RF-Net: An End-to-End Image Matching Network based on Receptive Field

This repository is a Pytorch implementation for

Xuelun Shen, Cheng Wang, Xin Li, Zenglei Yu, Jonathan Li, Chenglu Wen, Ming Cheng, Zijian He. "RF-Net: An End-to-End Image Matching Network based on Receptive Field." In the IEEE Conference on Computer Vision and Pattern Recognition (CVPR), 2019, pp. 8132-8140.

If you use this code in your research, please cite the paper.


Environment

This code is based on Python (3.6.2) and Pytorch (py36_cuda9.2.148_cudnn7.1.4_1), and tested on Ubuntu 16.04 with GeForce RTX 2080 Ti.

Necessary packages are listed in requirements.txt, and please install it by

pip install -r requirements.txt

Usage

Get the data

Download datasets from this link and unzip it, then you will get a data folder.

Get pretrained model

Download pretrained model from this link and unzip it, then you will get a runs folder.

Prepare directory structure

Put the data and runs folders to the same directory same as rfnet folder.

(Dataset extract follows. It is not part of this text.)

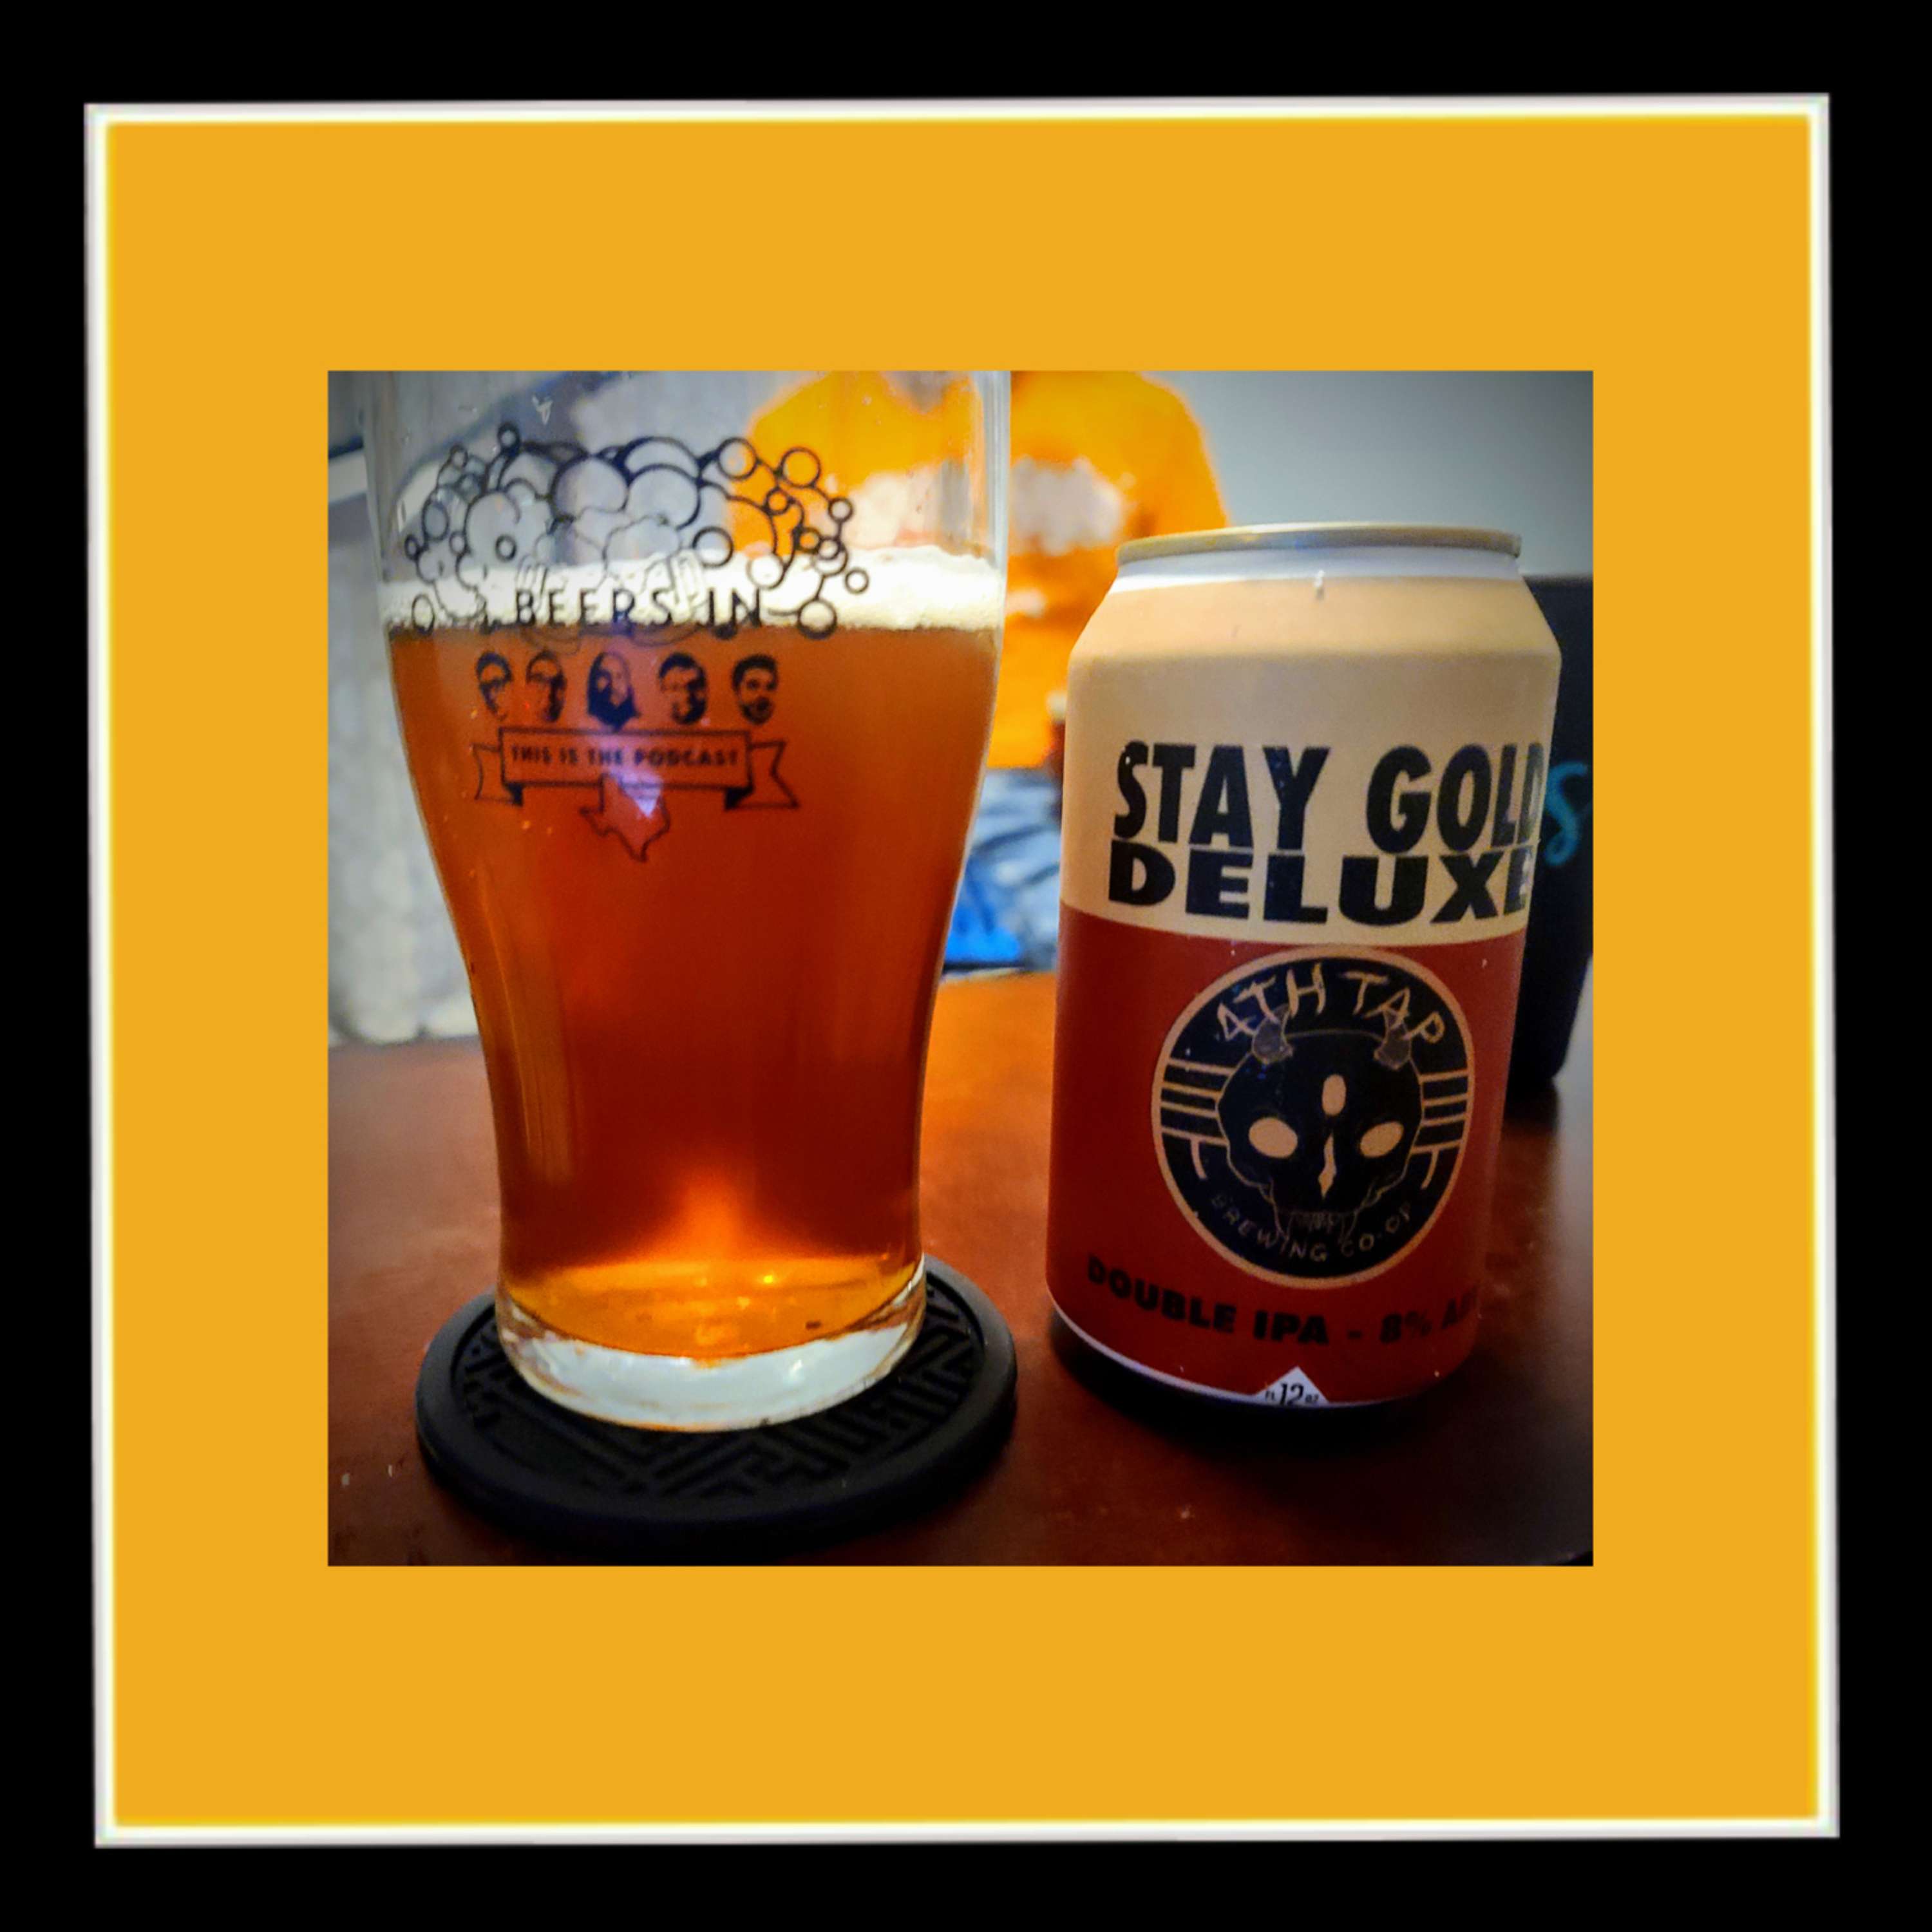 4th Tap Brewing Co-Op and Black Pumas - Stay Gold Deluxe Double IPA

The directory structure should be like this:

project
│
└───rfnet
│   │   config.py
│   │   hpatch_dataset.py
│   │   ms.py
│   │   ...
│   │
│   └───model
│   │   │   rf_des.py
│   │   │   rf_det_module.py
│   │   │   rf_det_so.py
│   │   │   ...
│   │   │
│   └───utils
│       │   common_utils.py
│       │   eval_utils.py
│       │   hpatch_to_csv.py
│       │   ...
│
└───data
|   │
|   └───hpatch_v_sequence
|   │
|   └───hpatch_i_sequence
|   │
|   └───EFDataset
|
└───runs

Training

# the number 0 means the first GPU on your machine.
sh train.sh 0

Evaluation

# the number 0 means the first GPU on your machine.
# parameter 'root' represents the path to your runs folder
# parameter 'date' represents the date when you saved your model
# parameter 'model' represents the model name
sh ms.sh 0 $root $date $model

# if you try to run the pretrained model
# the command should be like:
sh ms.sh 0 /home/sxl/DL/runs 10_24_09_25 e121_NN_0.480_NNT_0.655_NNDR_0.813_MeanMS_0.649.pth.tar

Acknowledgement

We would like to thank

EF dataset [1]

HPatches dataset [2]

for providing the image data.

[1] Zitnick, C.L., & Ramnath, K. (2011). Edge foci interest points. 2011 International Conference on Computer Vision (ICCV), 359-366.

[2] Balntas, V., Lenc, K., Vedaldi, A., & Mikolajczyk, K. (2017). HPatches: A Benchmark and Evaluation of Handcrafted and Learned Local Descriptors. 2017 IEEE Conference on Computer Vision and Pattern Recognition (CVPR), 3852-3861.